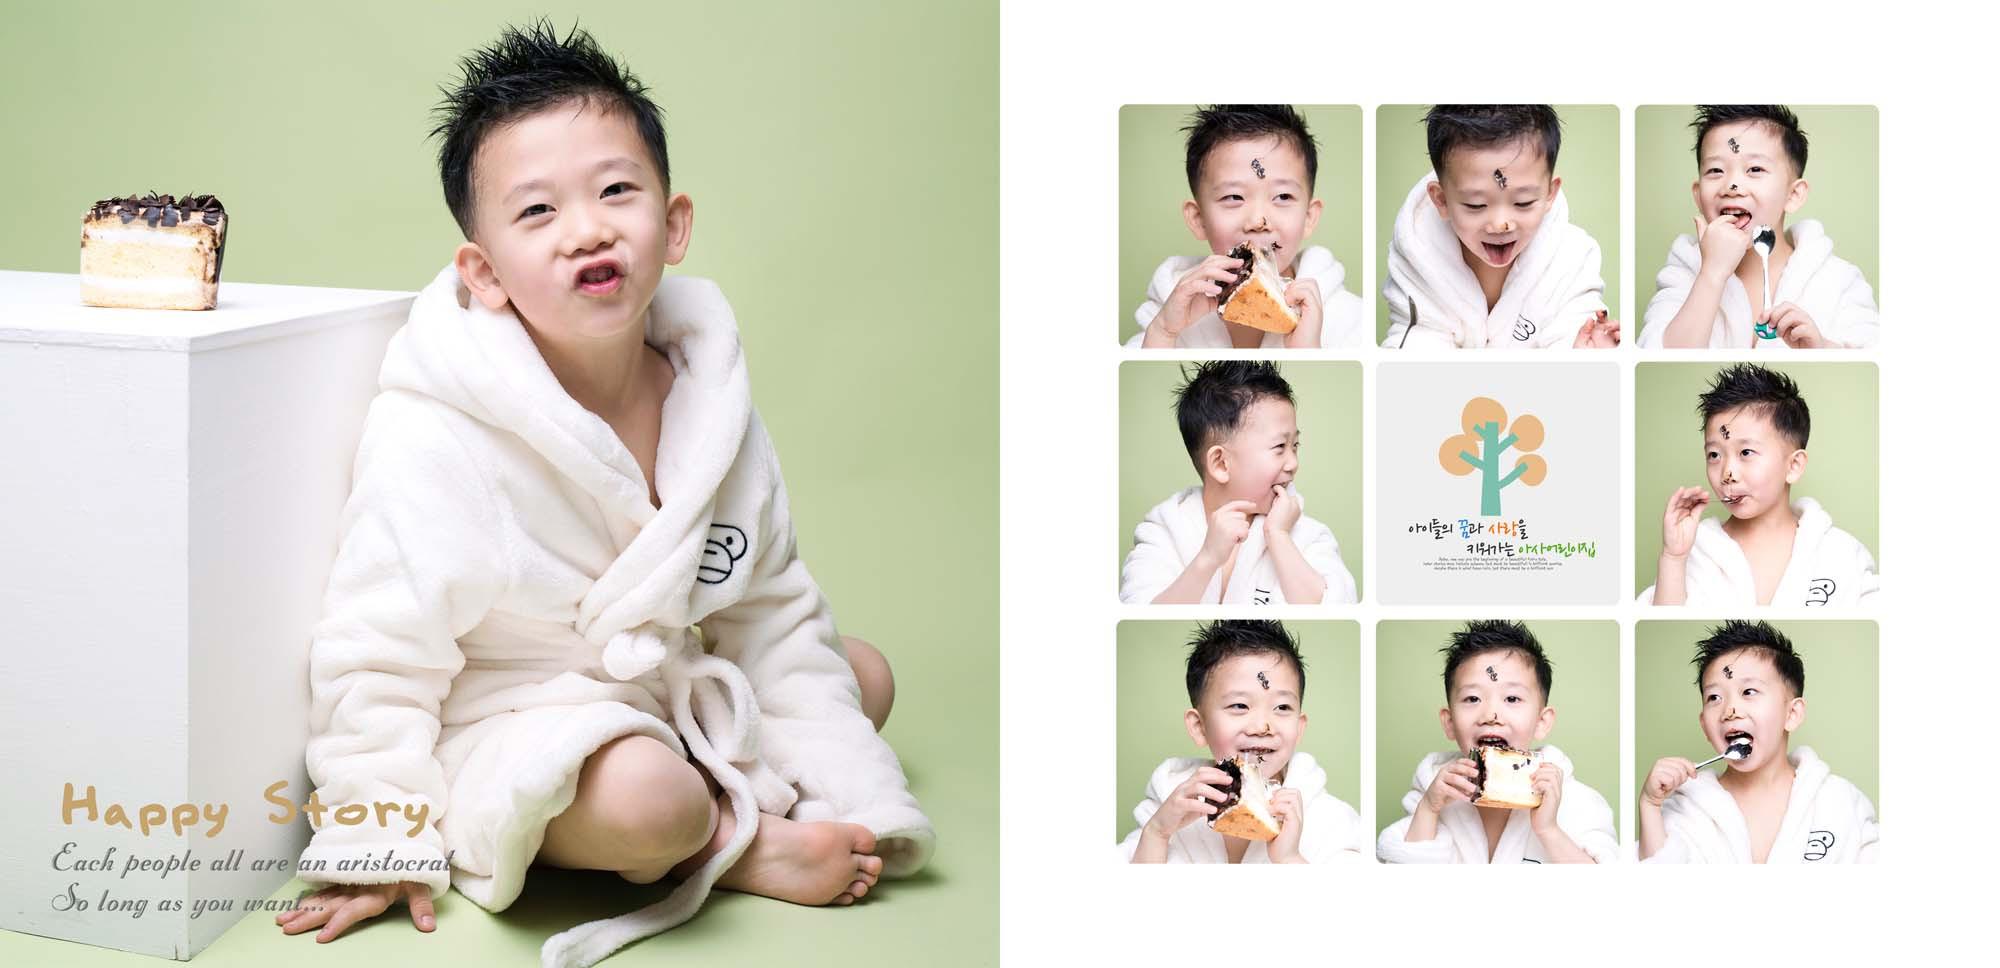 大拇指儿童摄影:一组韩系简约风的室内儿童摄影
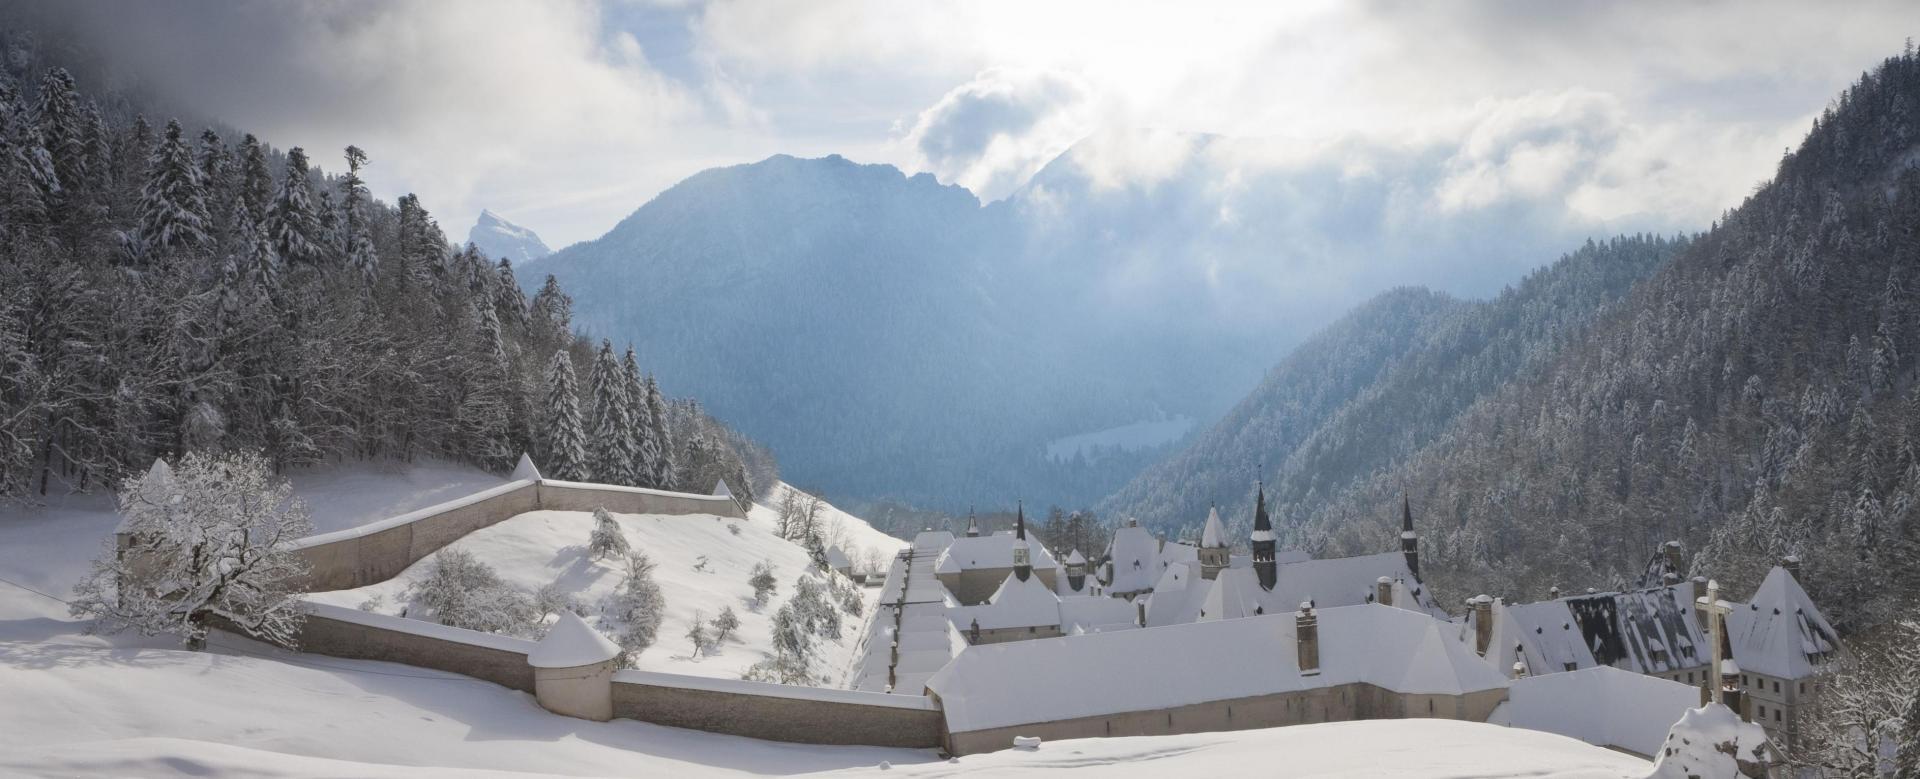 Voyage à la neige : Alpes du Nord : Paysages et patrimoine de chartreuse
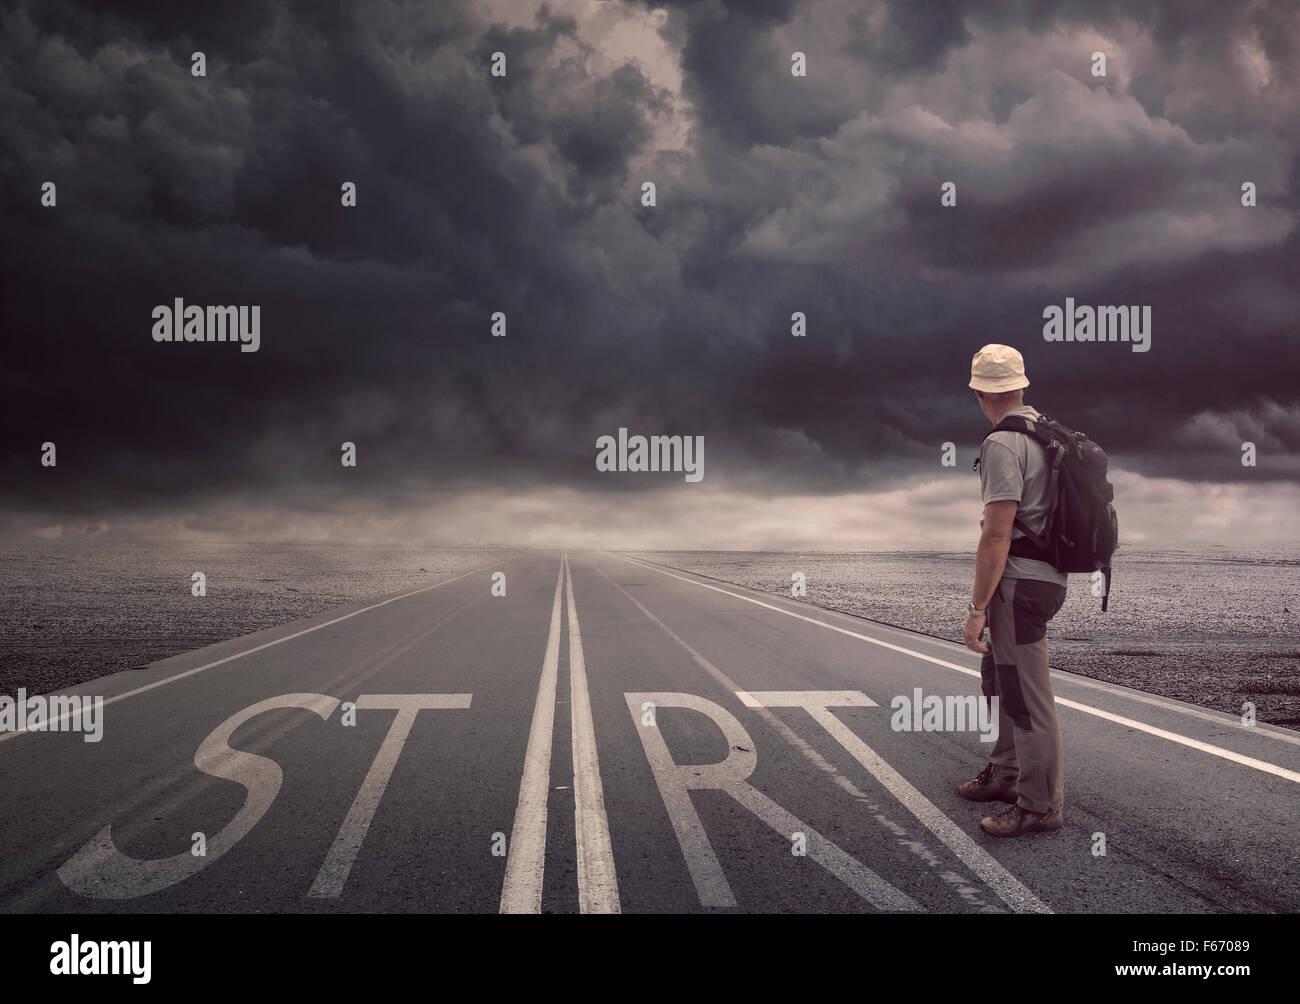 Starten Sie Ihr Leben Stockbild

|---|

Omit any images, then output the listing exactly.

- _WRITTEN RESPONSE_:
 大拇指儿童摄影:一组韩系简约风的室内儿童摄影
 Voyage à la neige : Alpes du Nord : Paysages et patrimoine de chartreuse
 Starten Sie Ihr Leben Stockbild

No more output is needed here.